We Are Left With Two, Major Tasks

To redefine growth (and also rescue the American Dream), we thus must see what insights and lessons we can find in: (1) the origins of economic growth; and (2) U.S. experience with economic growth.



Mayu says:

By examining the origins of economic growth and U.S. experience with it, Dr. Swerdlow brings up a correlation between the Industrial Revolution and the formation of what is today the United States.
I wonder what the world would look like if a different country, instead of the United States, had gained hegemony in international relations.
With visible signs of decline in U.S. primacy, we may see the emergence of an alternative paradigm. Or see more of the same.

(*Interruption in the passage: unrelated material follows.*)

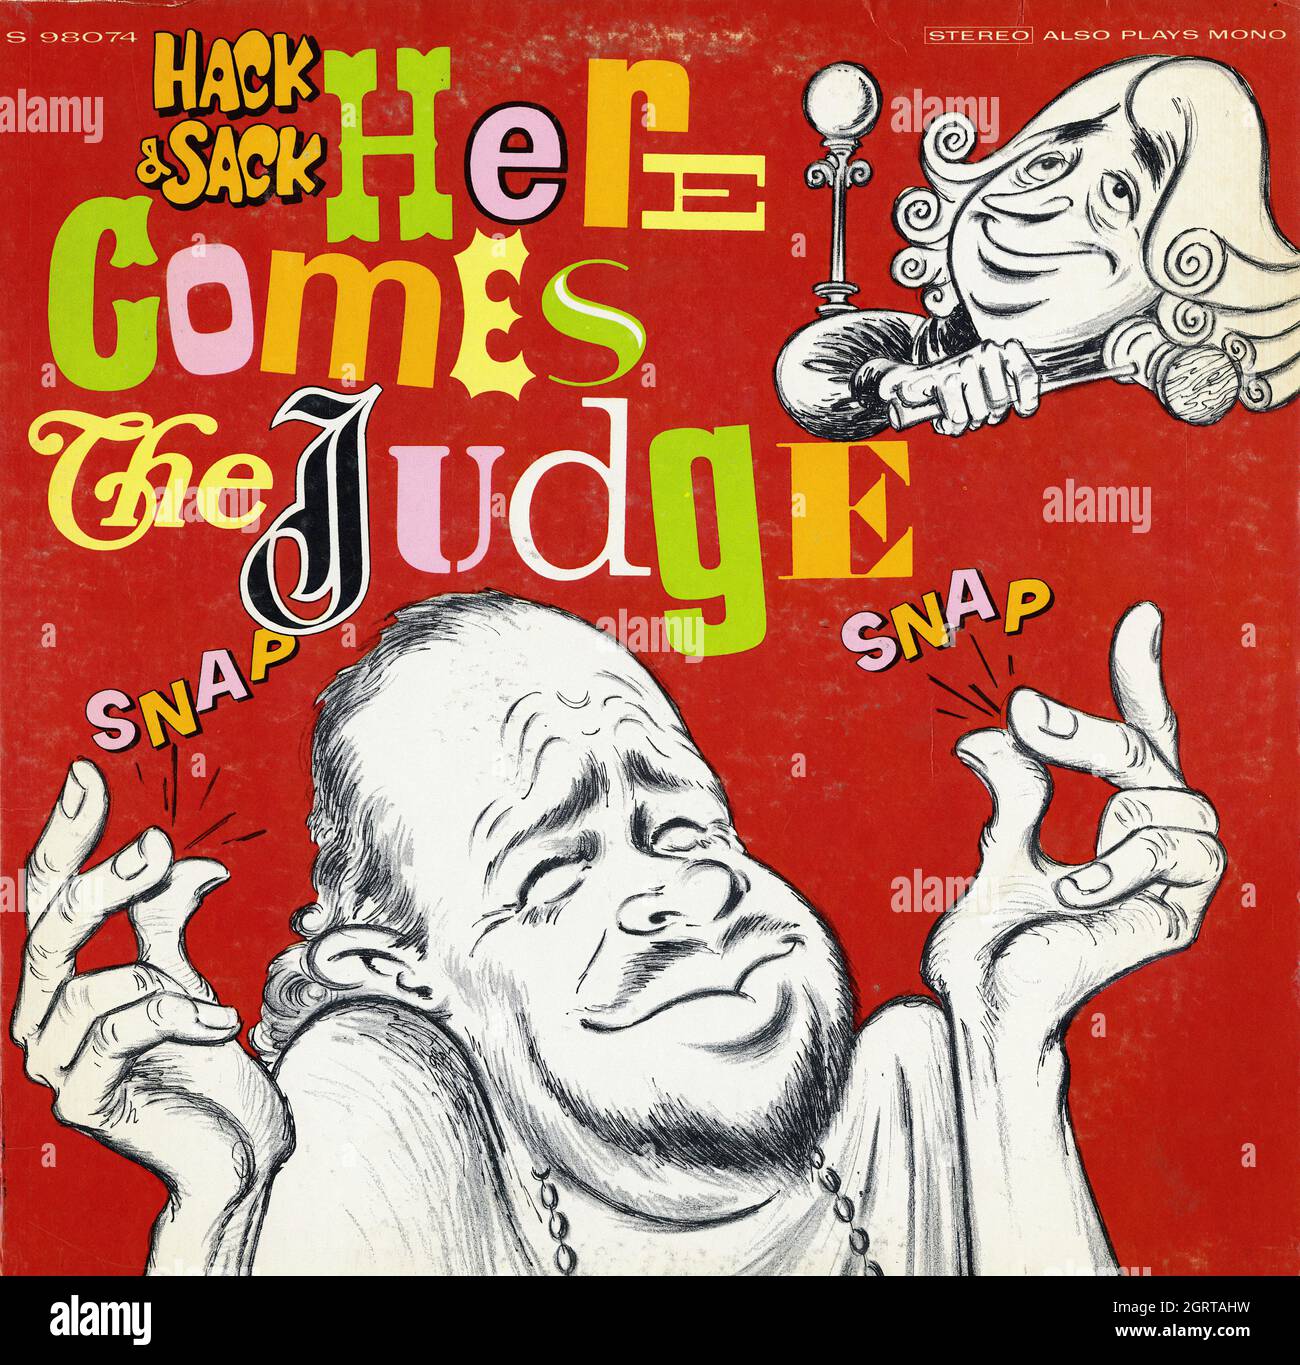 Hack & Jack - Here Comes The Judge - Vintage American Comedy Vinyl

Joel L. Swerdlow, Ph.D. says:

We must, I’d like to suggest, go very slowly at this point–ponder the fact that has attracted your attention: the U.S. and economic growth were born at the same time! This gives us, among other things, new ways to look at both the U.S. and economic growth. And it raises great questions. What if for the first time, to cite just one example, the U.S. must now learn how to live–and establish its self-identity– without economic growth?
You mention “hegemony in international affairs.” We’ll encounter this, too, in future entries. When exactly, for example, did the U.S. get the notion that we always must be “Number One”? It’s not in the writings of Thomas Jefferson, the Federalist Papers or any of our other founding documents.
A tease to what lies ahead: during our Civil War, many members of the British aristocracy wanted the South to win, not because they favored slavery, but because they knew that unless the U.S. split into pieces it would one day replace Great Britain as the world’s leading power.

Mayu says:

I don’t think that the founders of the United States could even really think about the future dominance of the country they were forming.
But now it has become a large part of our identity, and we point to our economic might in justifying that position.
The fact that our economy is faltering while there is this perceived threat of Chinese and Indian ascendancy will definitely change many things: the balance of power among nations, the way we view ourselves, the way we live, and more.